### Task details
Transcribe every entry below word for word, but skip the pictures.

### Provided data
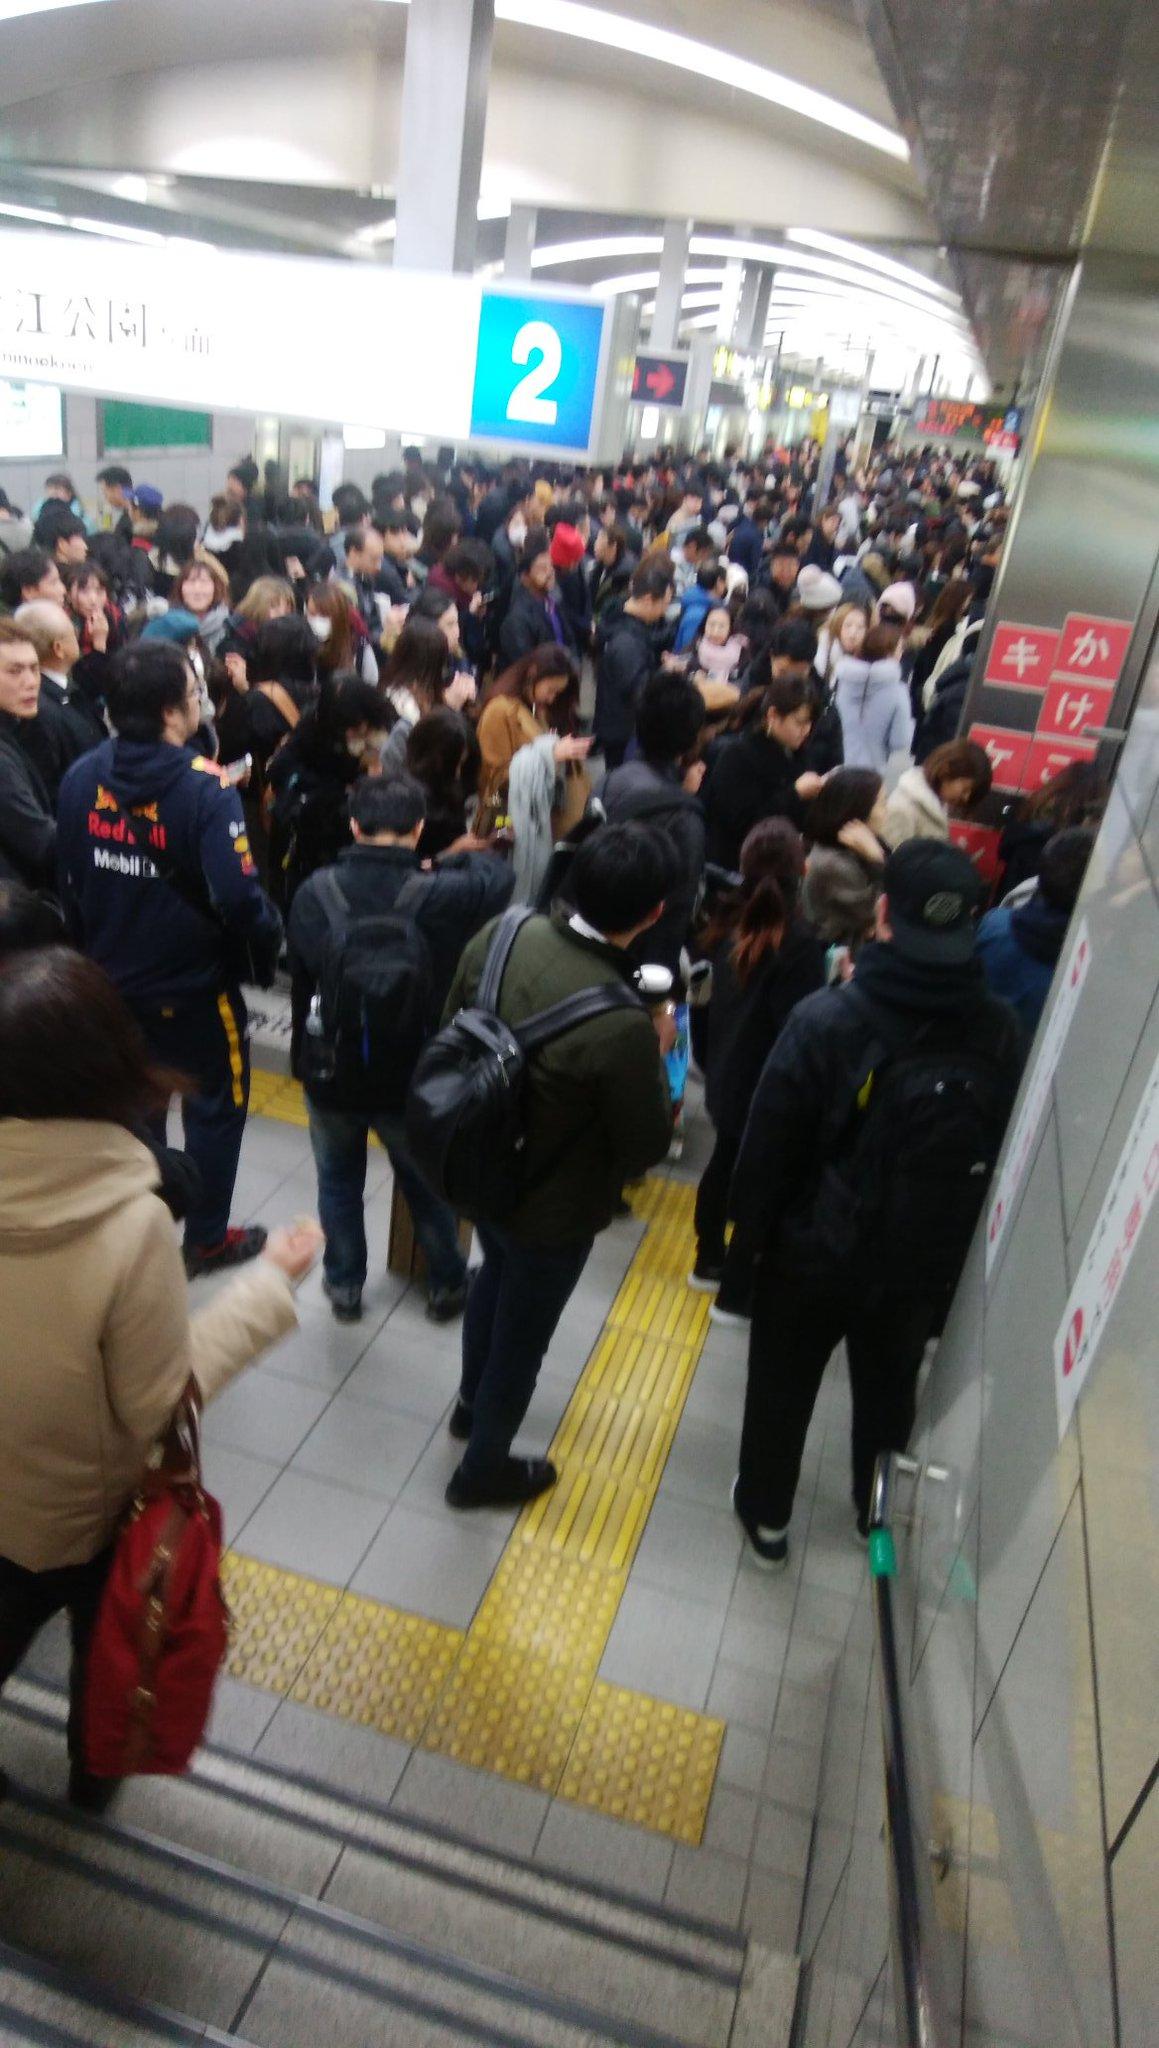 画像,西梅田駅がやべぇw https://t.co/5epfTVmPmu。
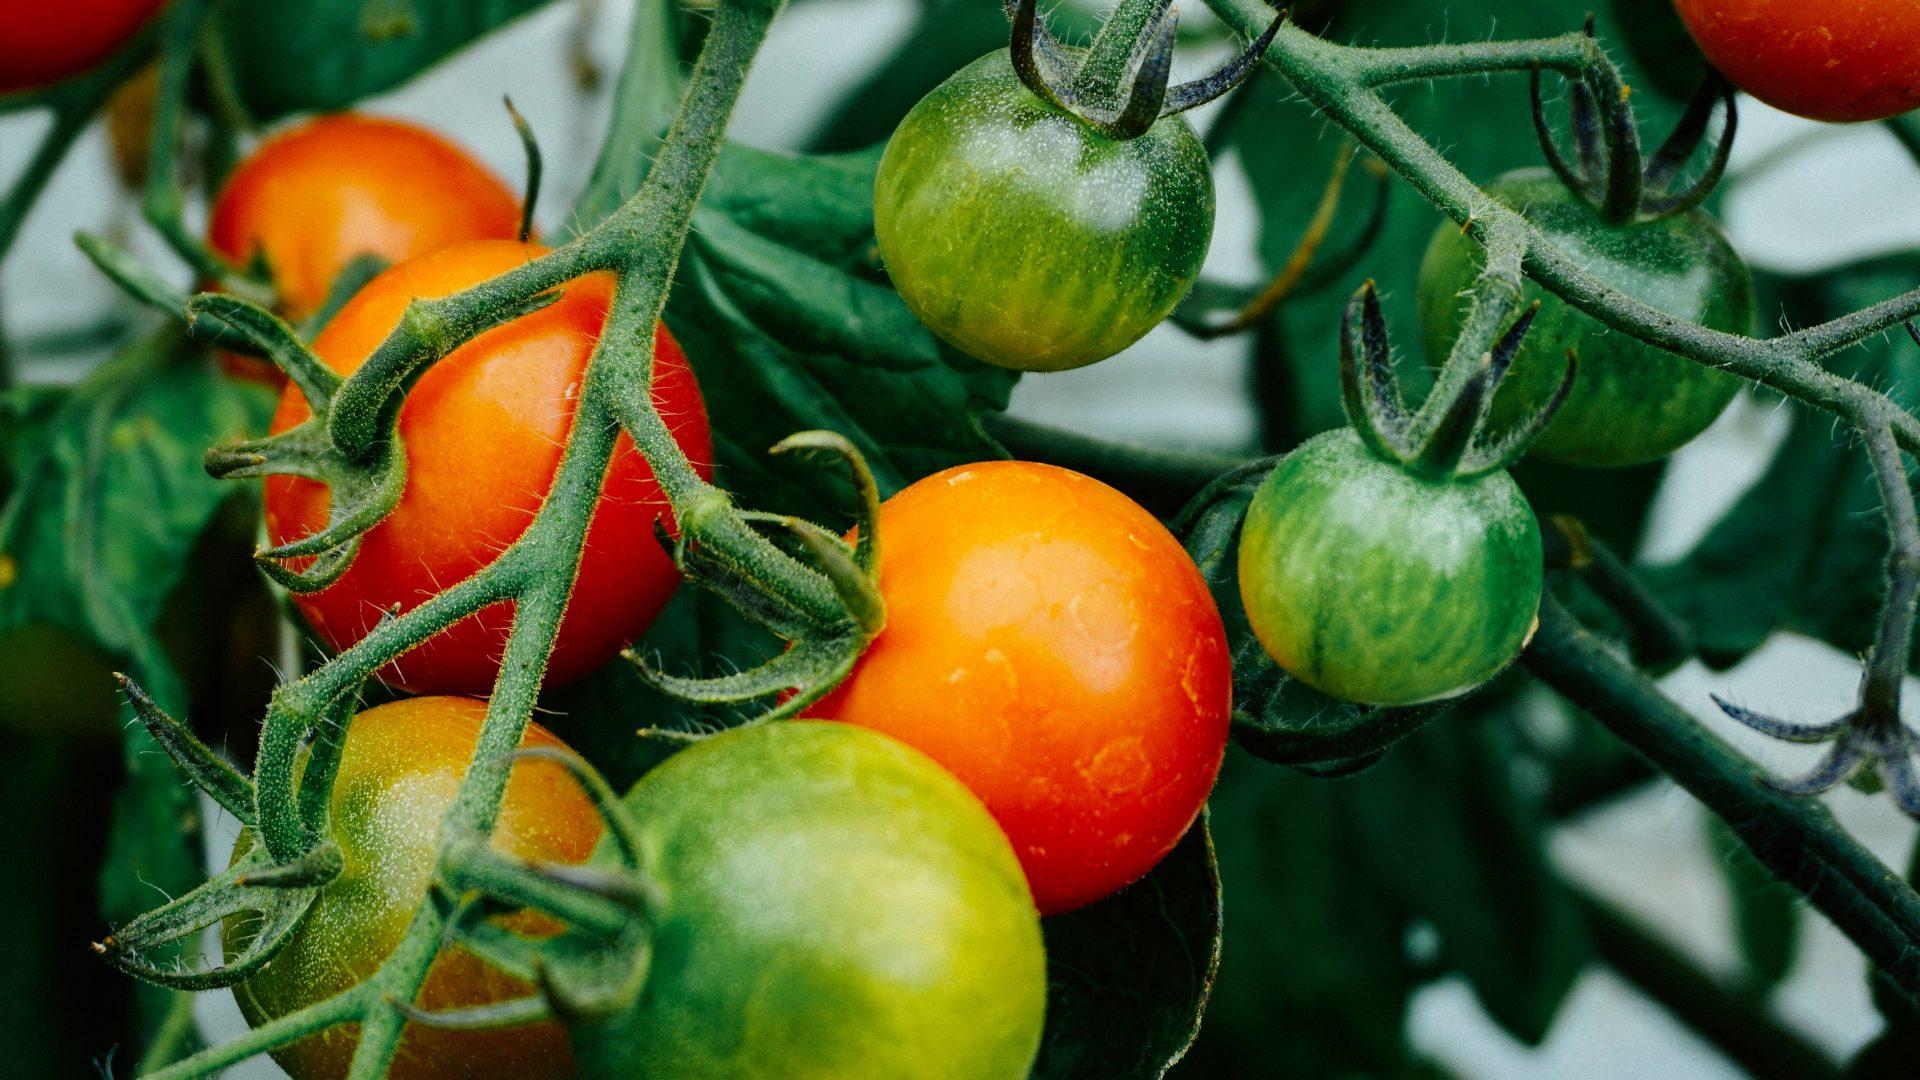 Maduración homogénea de tomates con bioestimulantes.
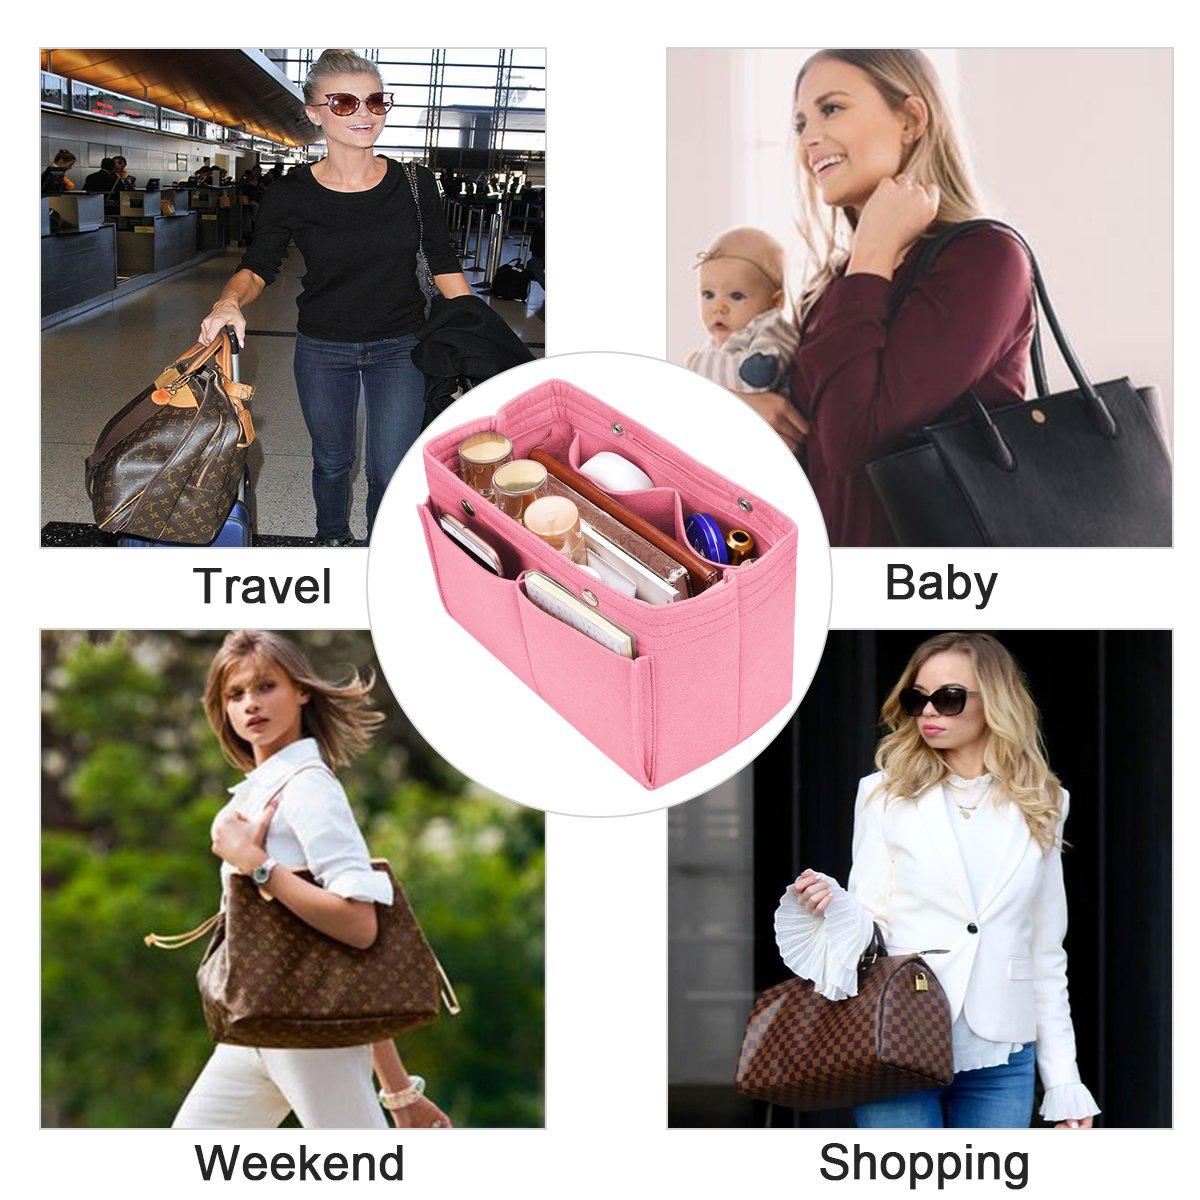 6 Colors Neverfull Fit LV Speedy 25-40 Handbag Organiser Felt Insert Purse Organiser Bag in Bag 3 Sizes Large, Gray Diaper Bag Organiser
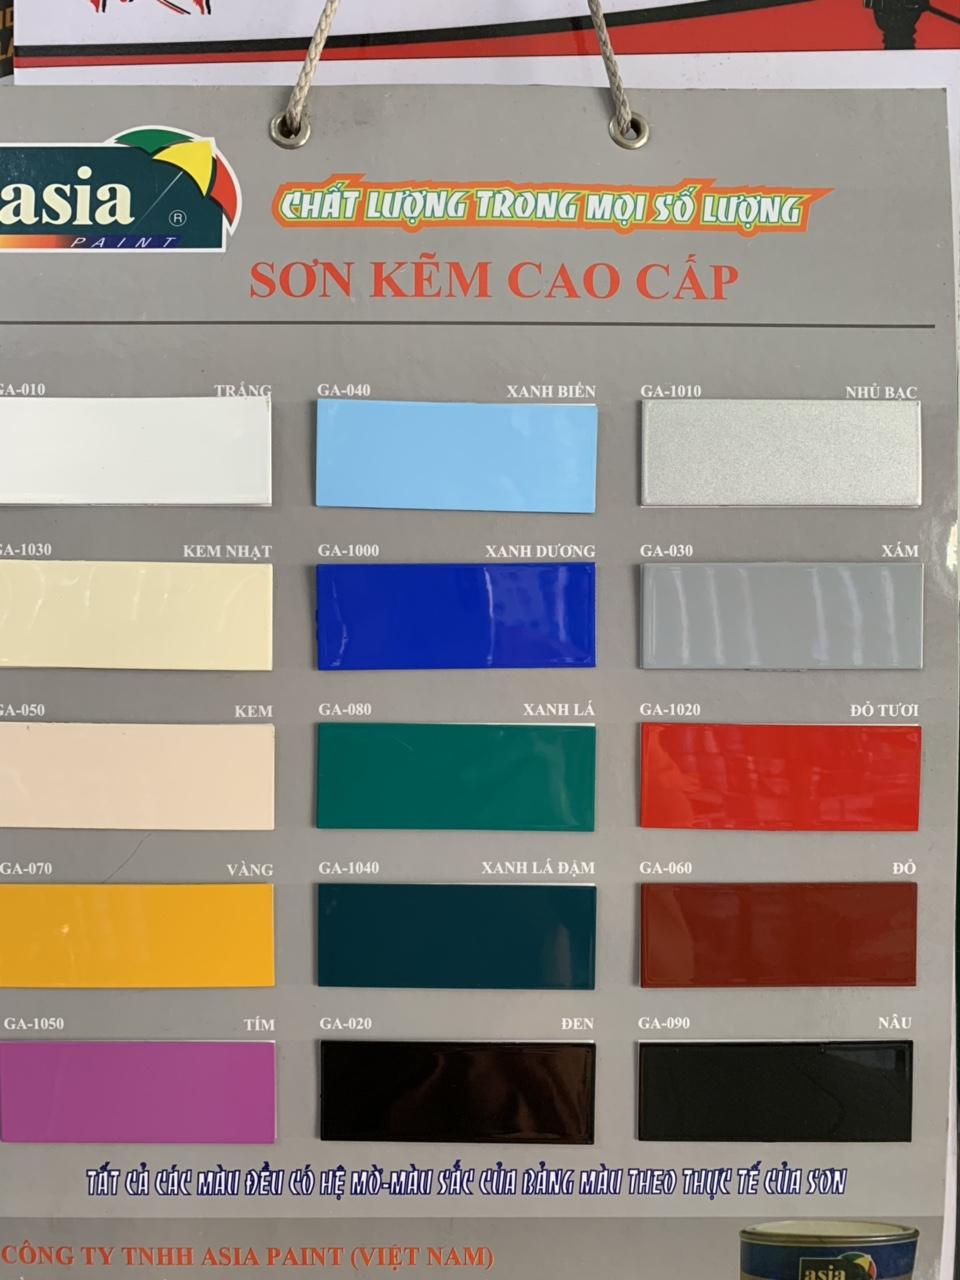 Bảng màu của sơn kẽm ASIA
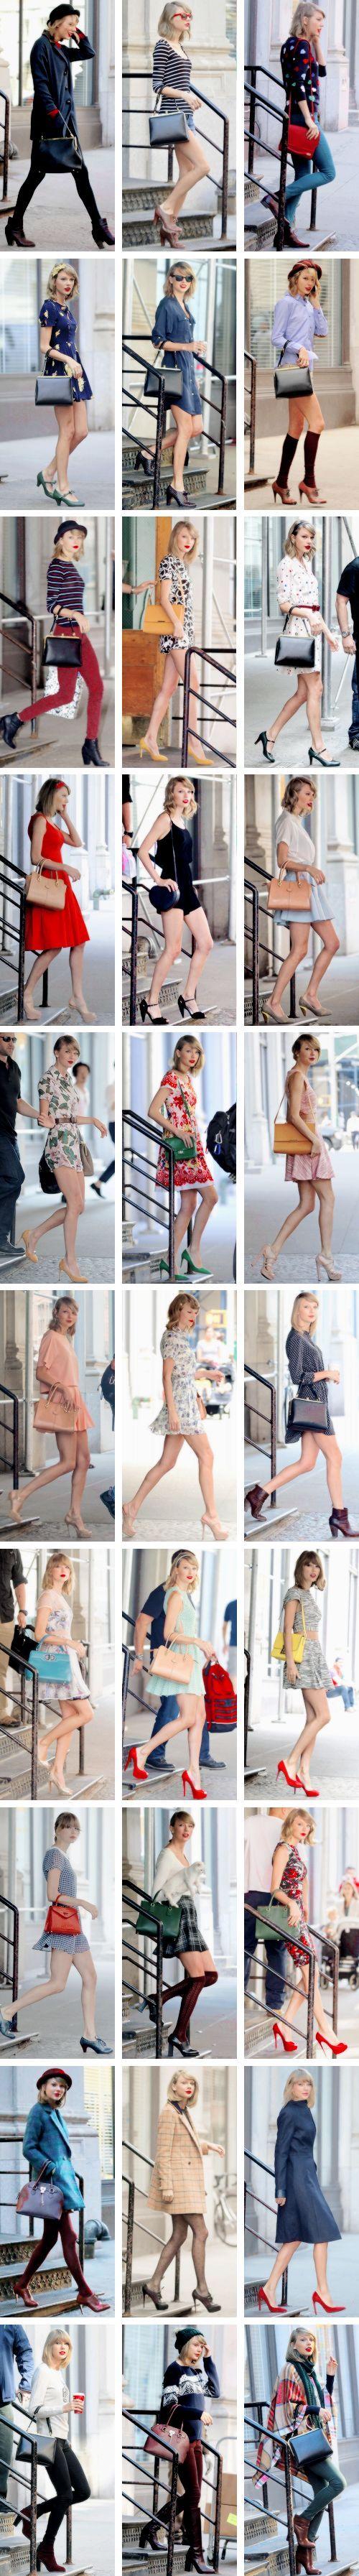 I really do like Taylor Swift...but I think I make like her clothes more!!

### Answer to this task
 画像,西梅田駅がやべぇw https://t.co/5epfTVmPmu。
 Maduración homogénea de tomates con bioestimulantes.
 6 Colors Neverfull Fit LV Speedy 25-40 Handbag Organiser Felt Insert Purse Organiser Bag in Bag 3 Sizes Large, Gray Diaper Bag Organiser
 Bảng màu của sơn kẽm ASIA
 I really do like Taylor Swift...but I think I make like her clothes more!!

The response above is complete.